Higher Hotel Rates Sustainable For Now, But Will Eventually Moderate

NASHVILLE, Tennessee — Average daily rates in the US are reaching new heights as the hotel industry recovers from the demand crisis brought on by the COVID-19 pandemic, but is this growth sustainable?

Speaking during a panel titled “Are today’s rates sustainable?” at the recent Data Conference Hotel, STR Product Analyst Letizia Rossi-Espagnet said they are for now — until and unless the economy and industry go into another downturn. Rate growth will eventually moderate, she said.

Total US nominal average daily rate has never grown faster and is higher than it has been since 2007, Rossi-Espagnet said. Nominal ADR is currently at about $155 in the US hotel industry.

Rossi-Espagnet said there are three factors contributing to rate growth: inflation, leisure demand and volume versus price.

Total US nominal ADR indexed to 2019 shows that in September 2021, ADR rates recovered from the depths of the pandemic, and then continued to rise at a quick pace.

“In June, we’re actually at 15% higher than in 2015. But what happens when you take inflation out of the equation? It’s a much calmer view. Real ADR is where you take inflation out of the calculation for ADR,” she said. “It did in fact recover in September 2021, but it dropped off again, then came back up around April of this year. And it looks like it’s stabilizing … hovering around $100.”

She added that once the Consumer Price Index begins to slow down, ADR likely will, too. In 2022, the CPI jumped to 8%, which is the highest it has been since the 1970s. CPI is forecast to drop to about 3% in 2023, then will slow down even further in 2024, she said.
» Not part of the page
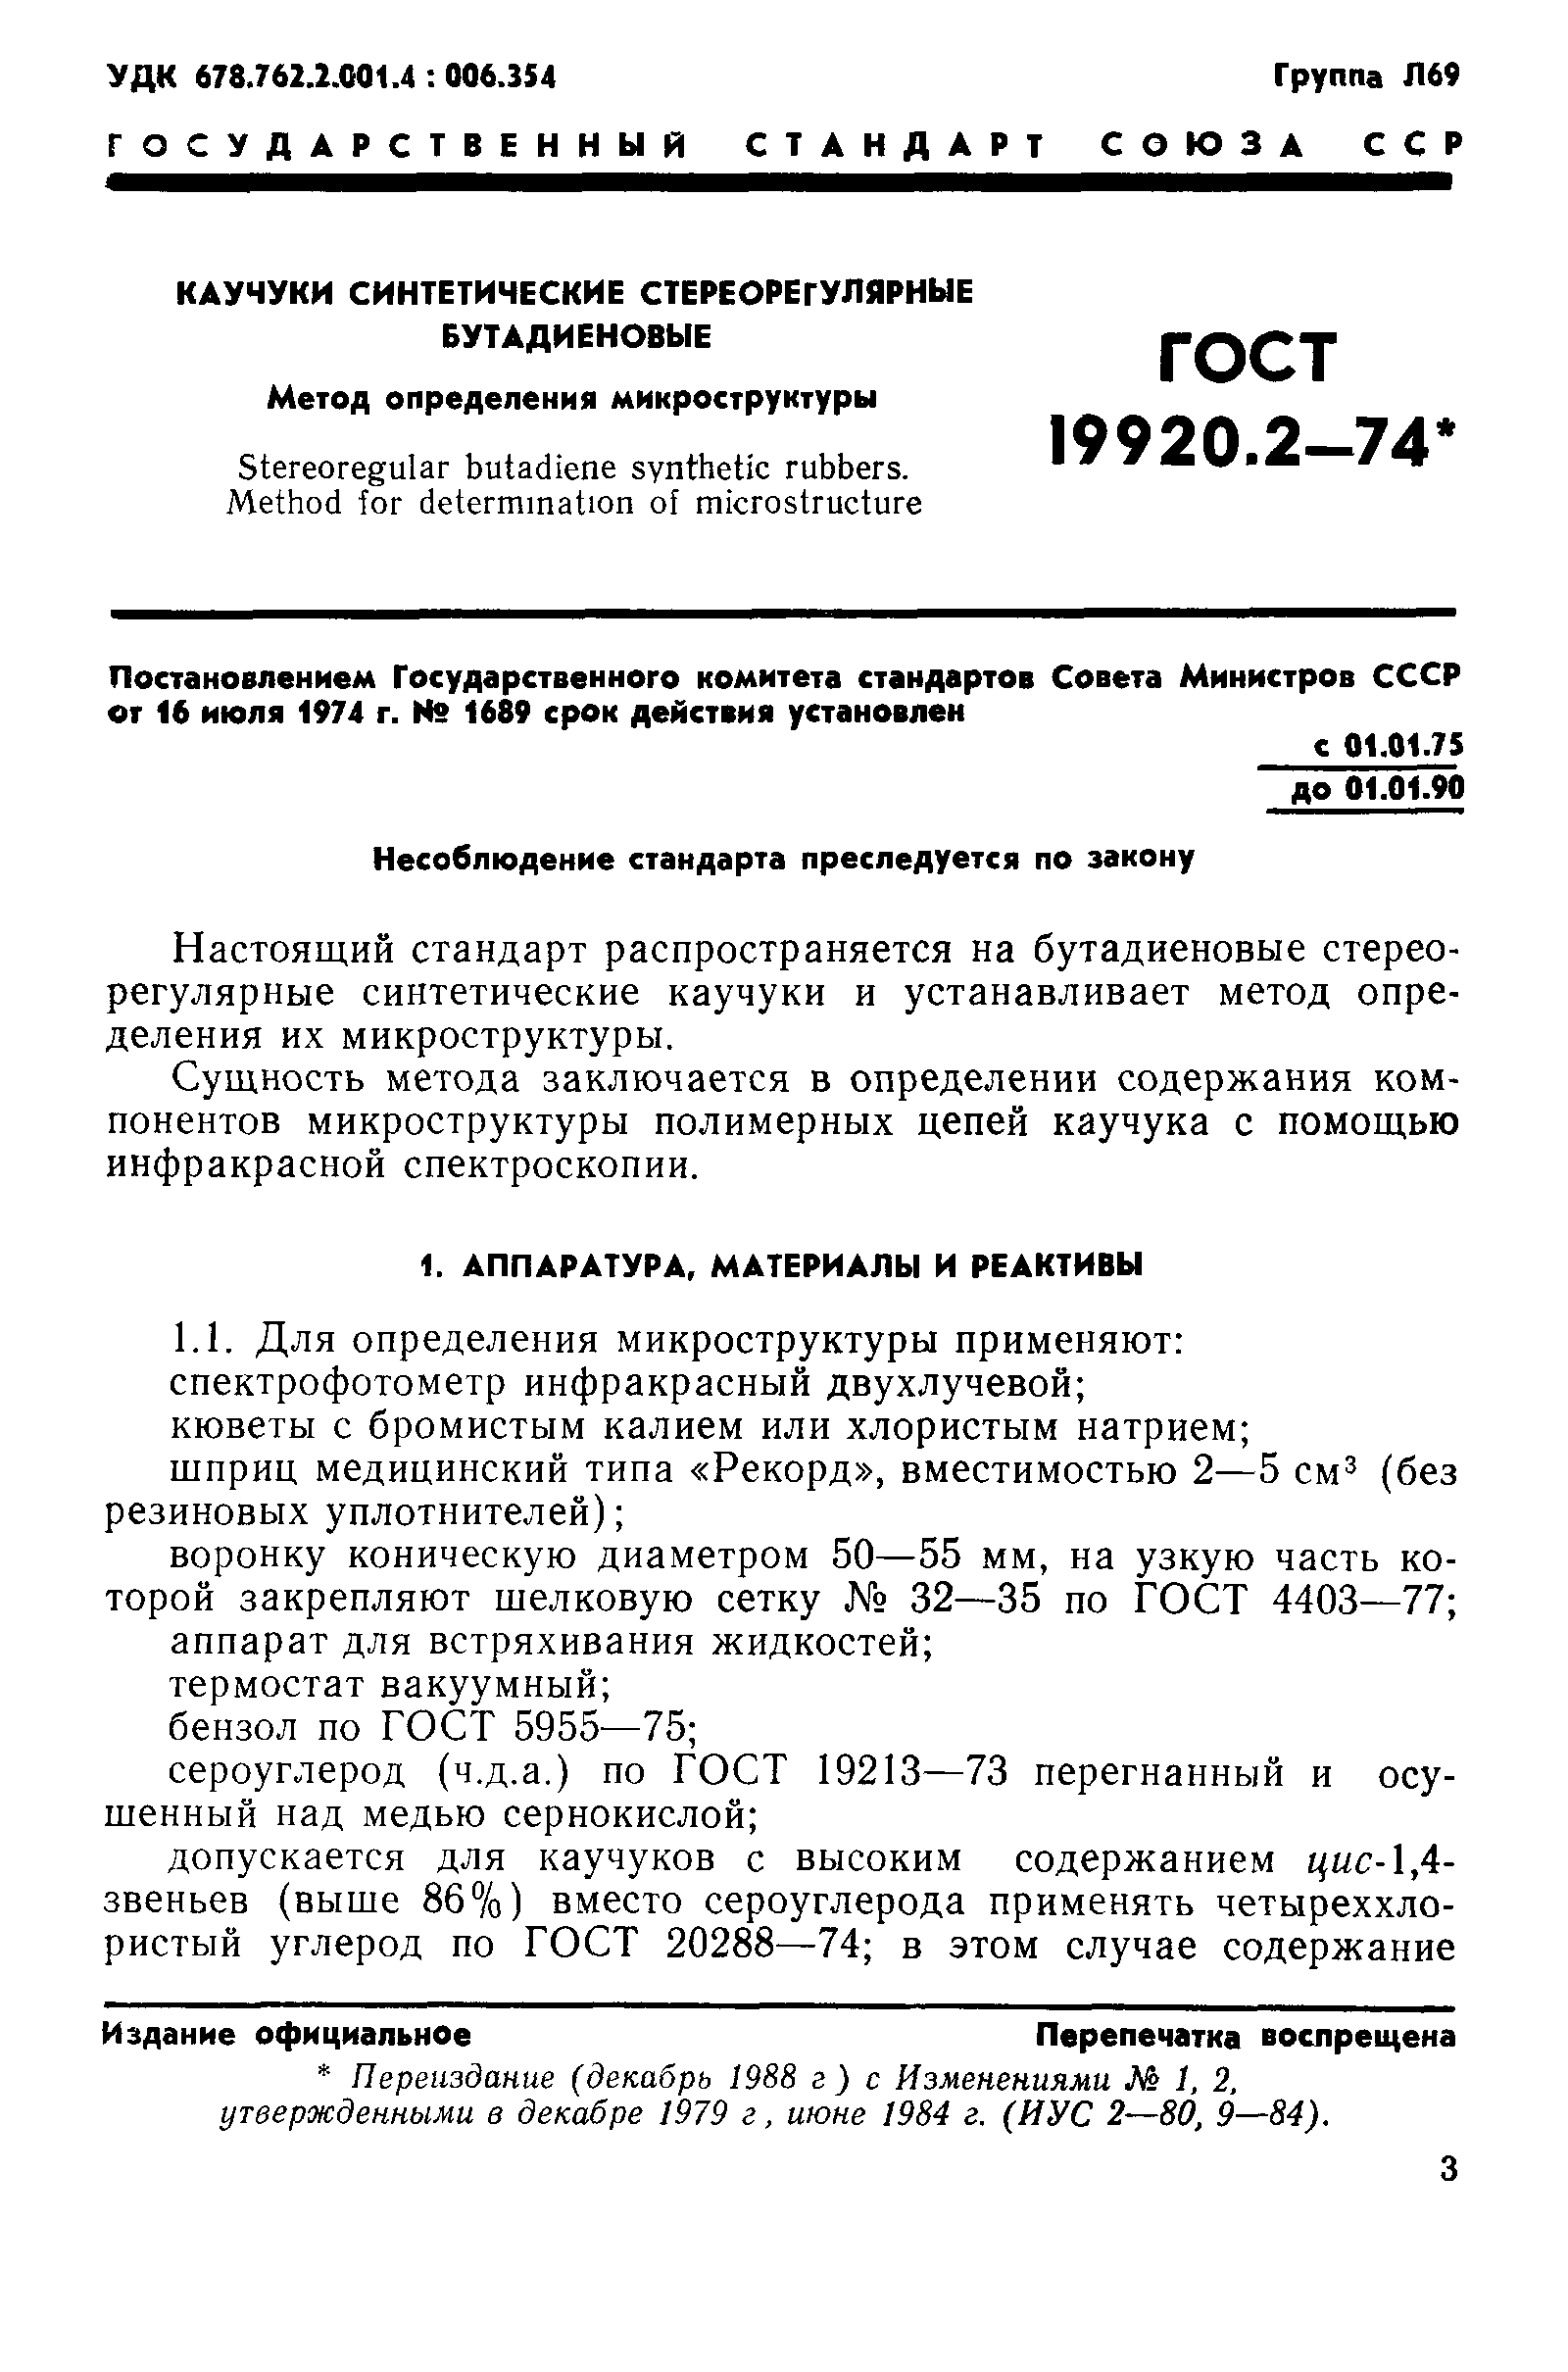 ГОСТ 19920.2-74

Leisure demand is also a hot topic, as it has been driving ADR and occupancy in major US markets, she said. Pent-up demand and excess savings among Americans have been fueling the leisure boom.

Hotels in all classes — luxury and upper upscale, upscale and upper midscale, and midscale and economy — are booking guests at higher occupancies and rates on the weekends than during the week. For example, in the luxury and upper-upscale classes, the gap between weekday and weekend ADR is $20, and the gap in occupancy is 13%, according to June 2022 year-to-date data from STR.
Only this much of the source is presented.